─── DATA

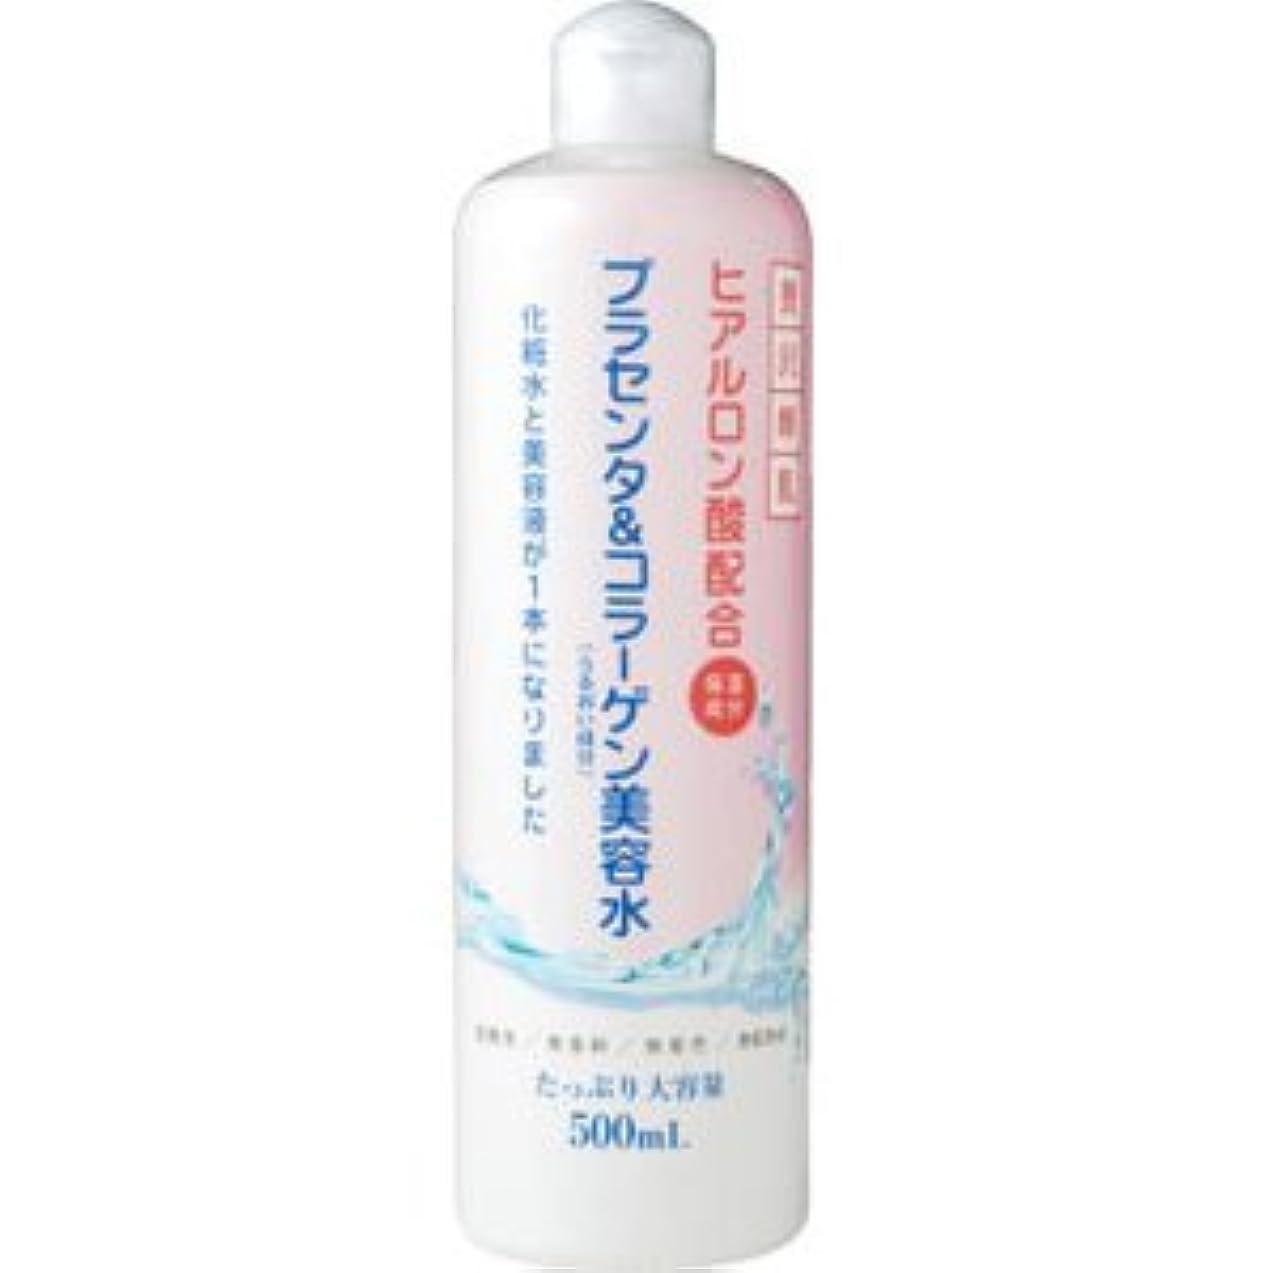 ケニア流囲まれた化粧水?美容液がこの1本!大容量サイズ?低価格『贅沢輝肌 美容水』 (プラセンタ&コラーゲン)
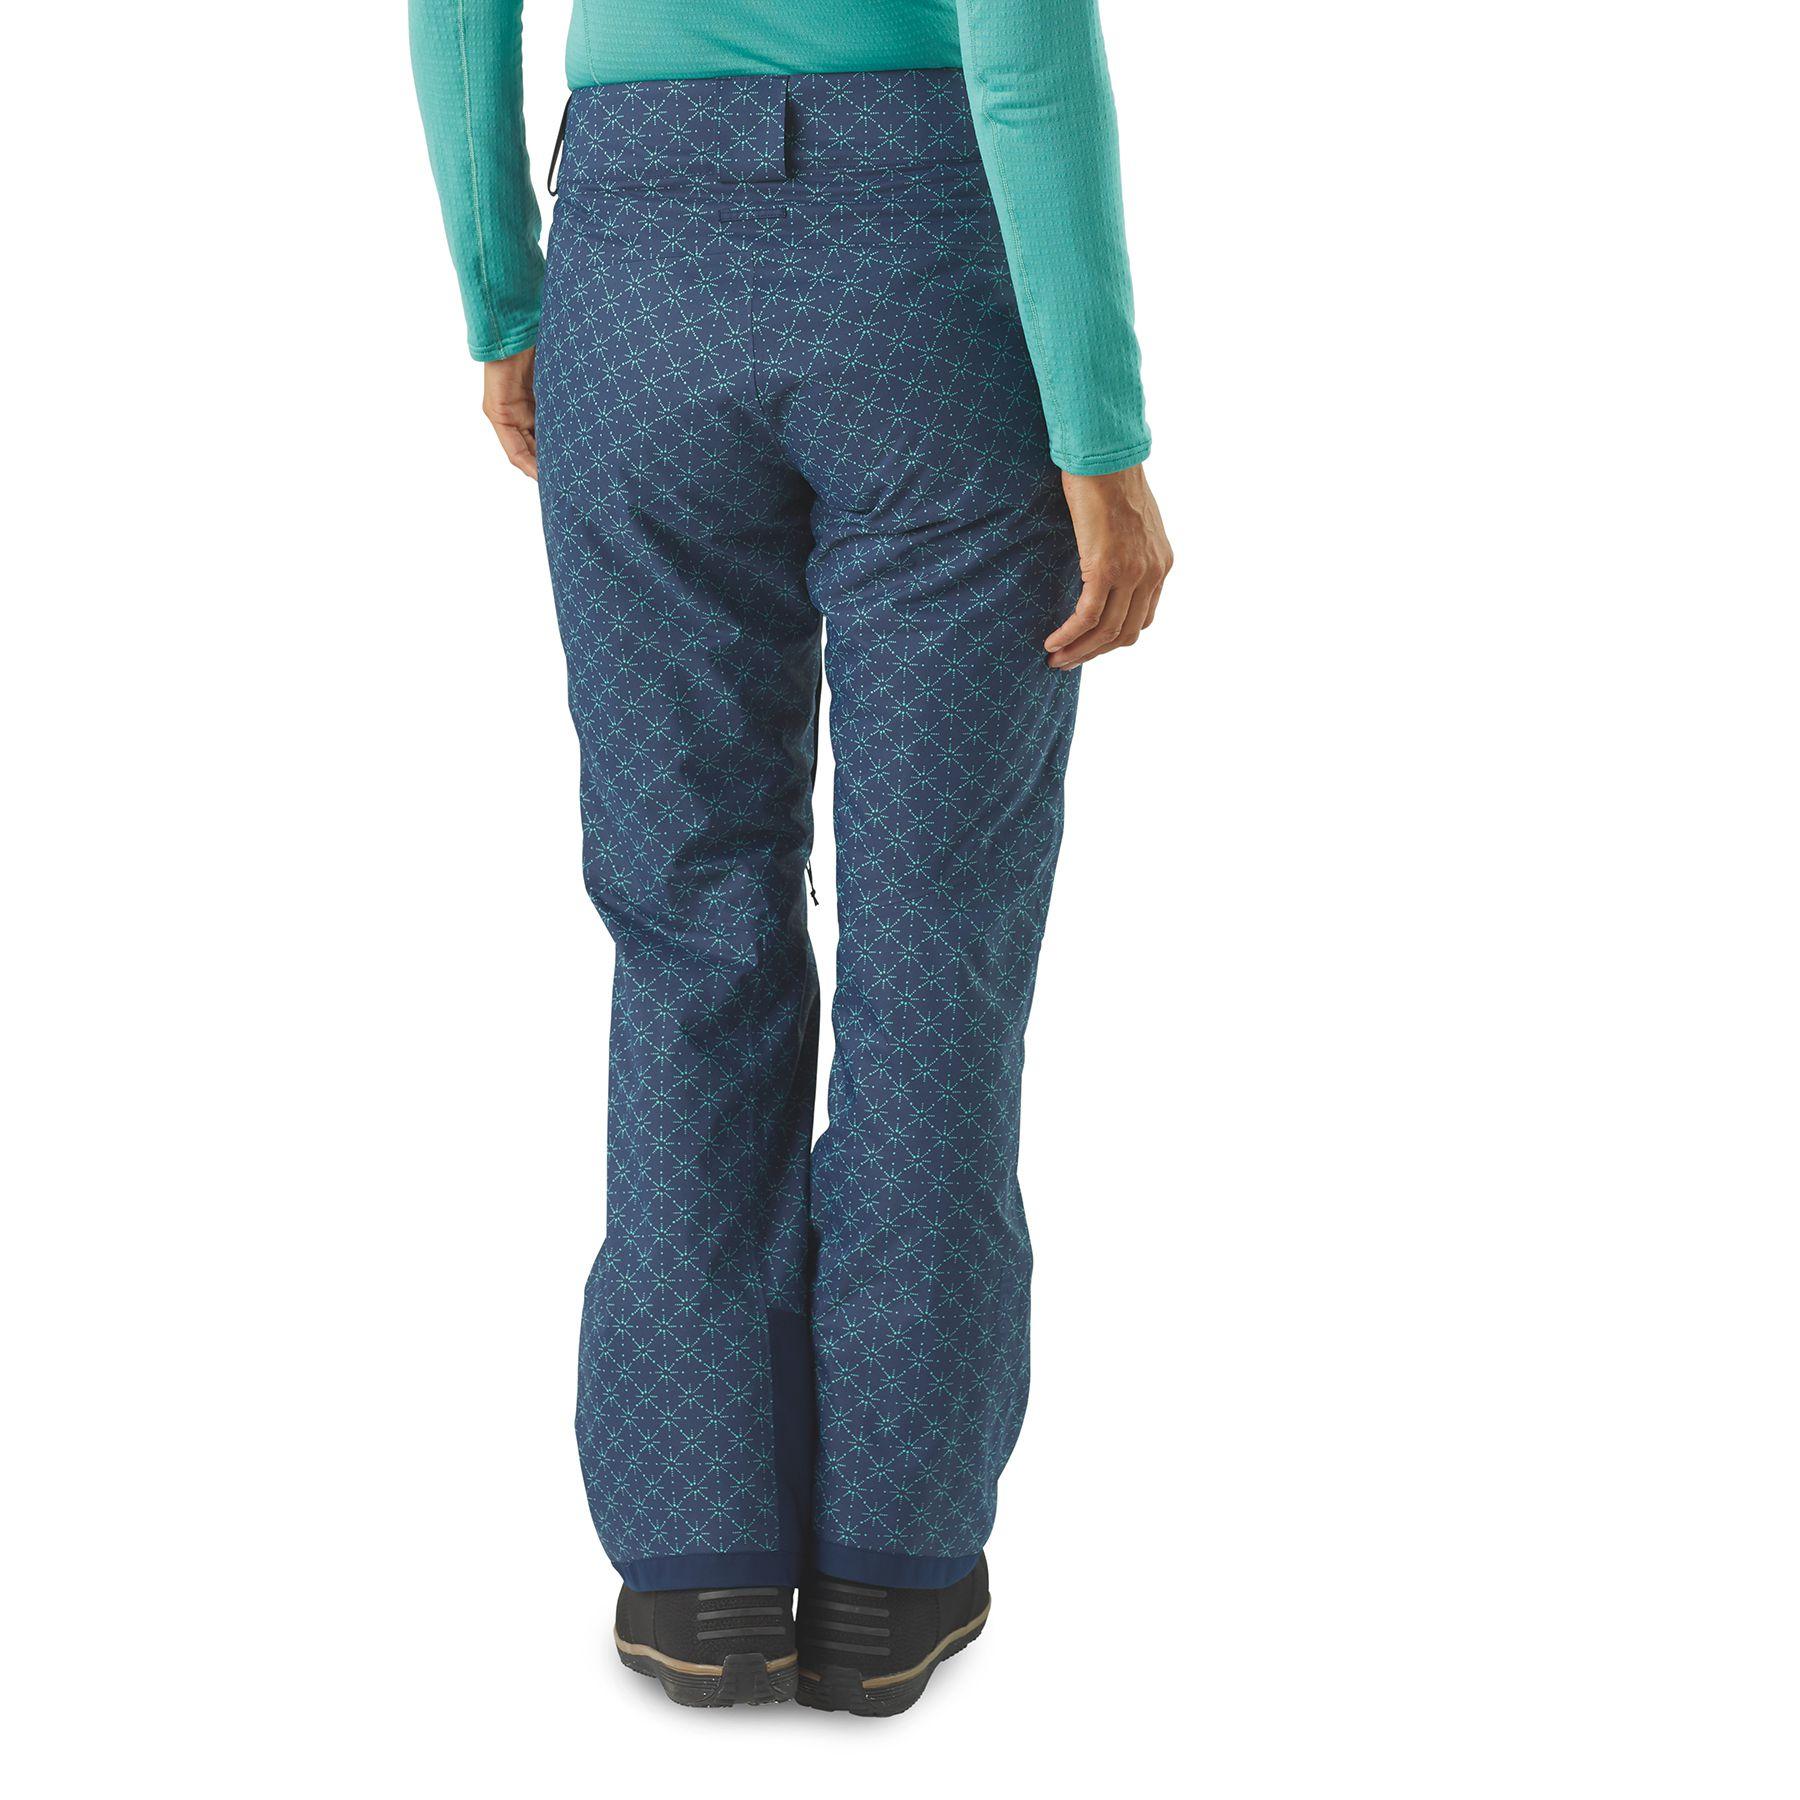 d8352abf6ba Pantalon ski PATAGONIA W s Insulated Snowbelle Dark Currant - La ...
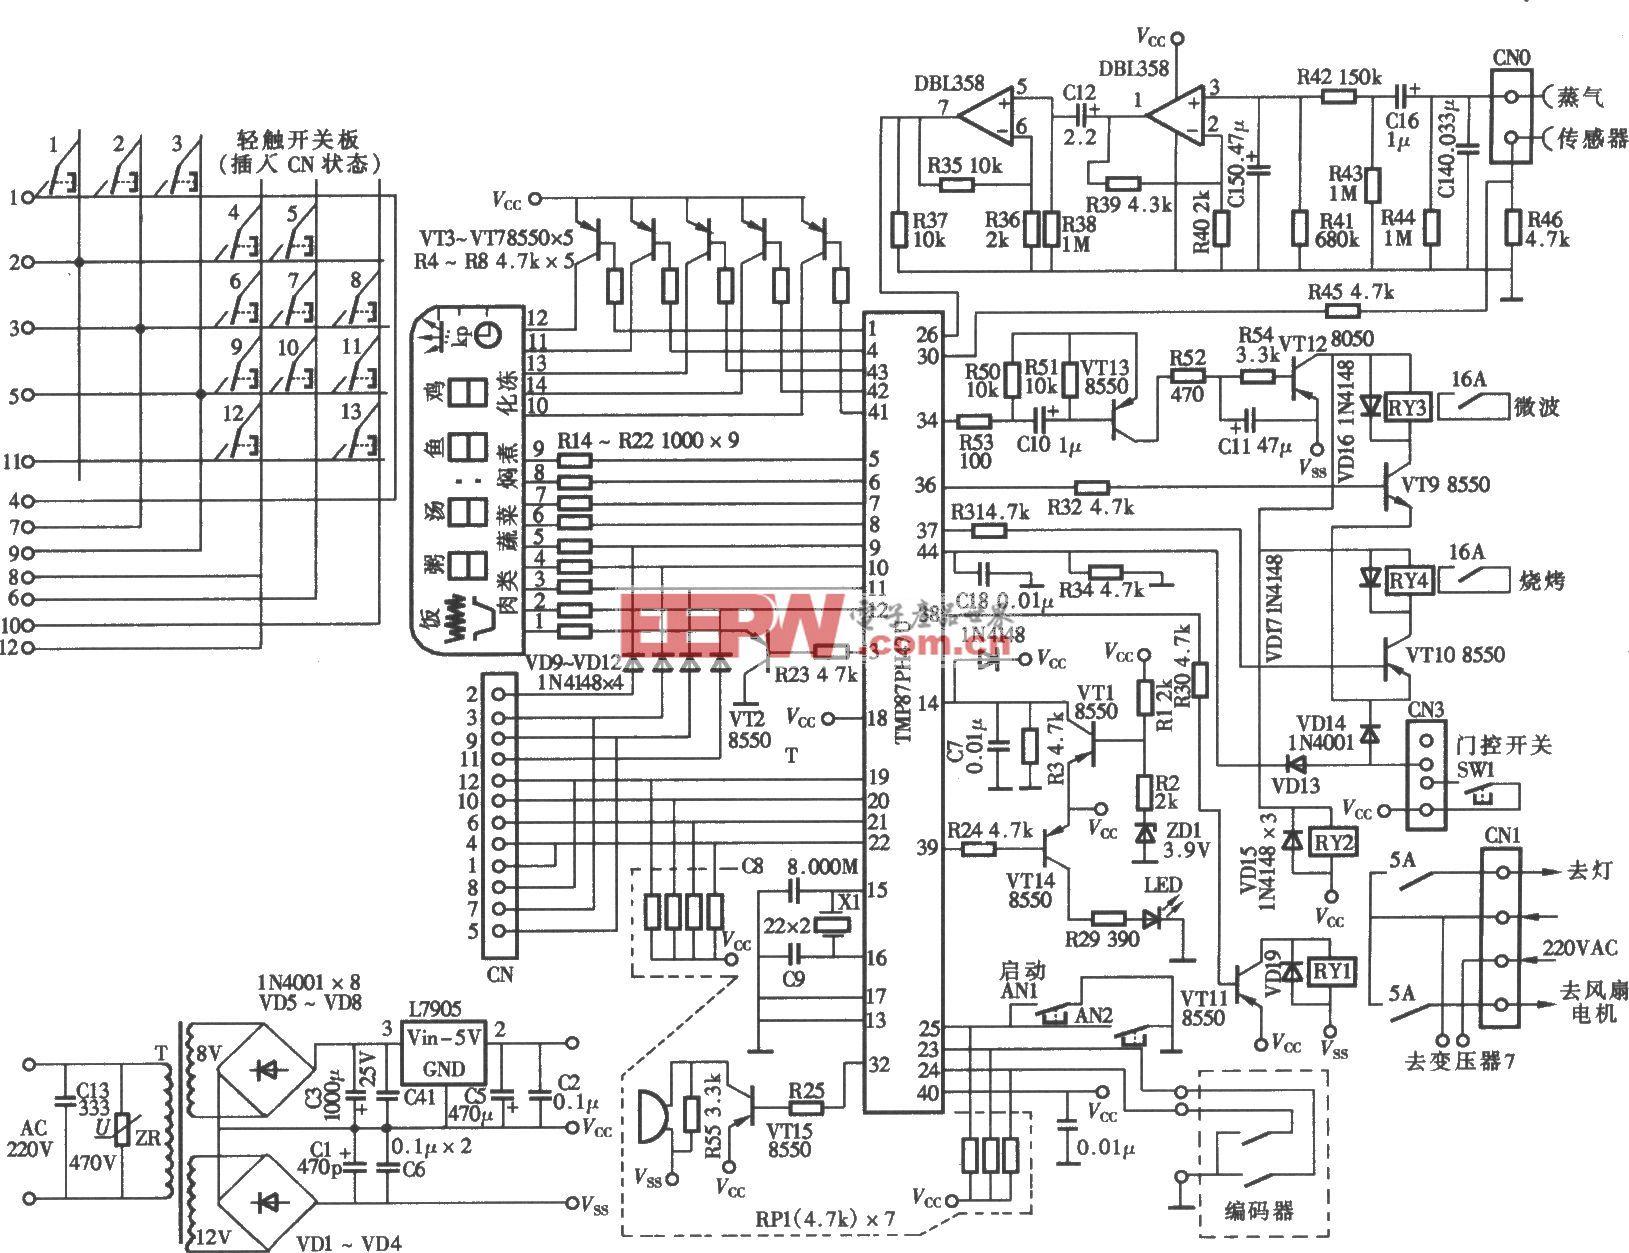 安宝路WD850ES电脑式微波炉电脑控制板电路

──────

YOUR OBJECTIVE:
Pictures aside, reproduce all of the material above without alteration.

EXPECTED ANSWER:
 ケニア流囲まれた化粧水?美容液がこの1本!大容量サイズ?低価格『贅沢輝肌 美容水』 (プラセンタ&コラーゲン)
 d8352abf6ba Pantalon ski PATAGONIA W s Insulated Snowbelle Dark Currant - La ...
 安宝路WD850ES电脑式微波炉电脑控制板电路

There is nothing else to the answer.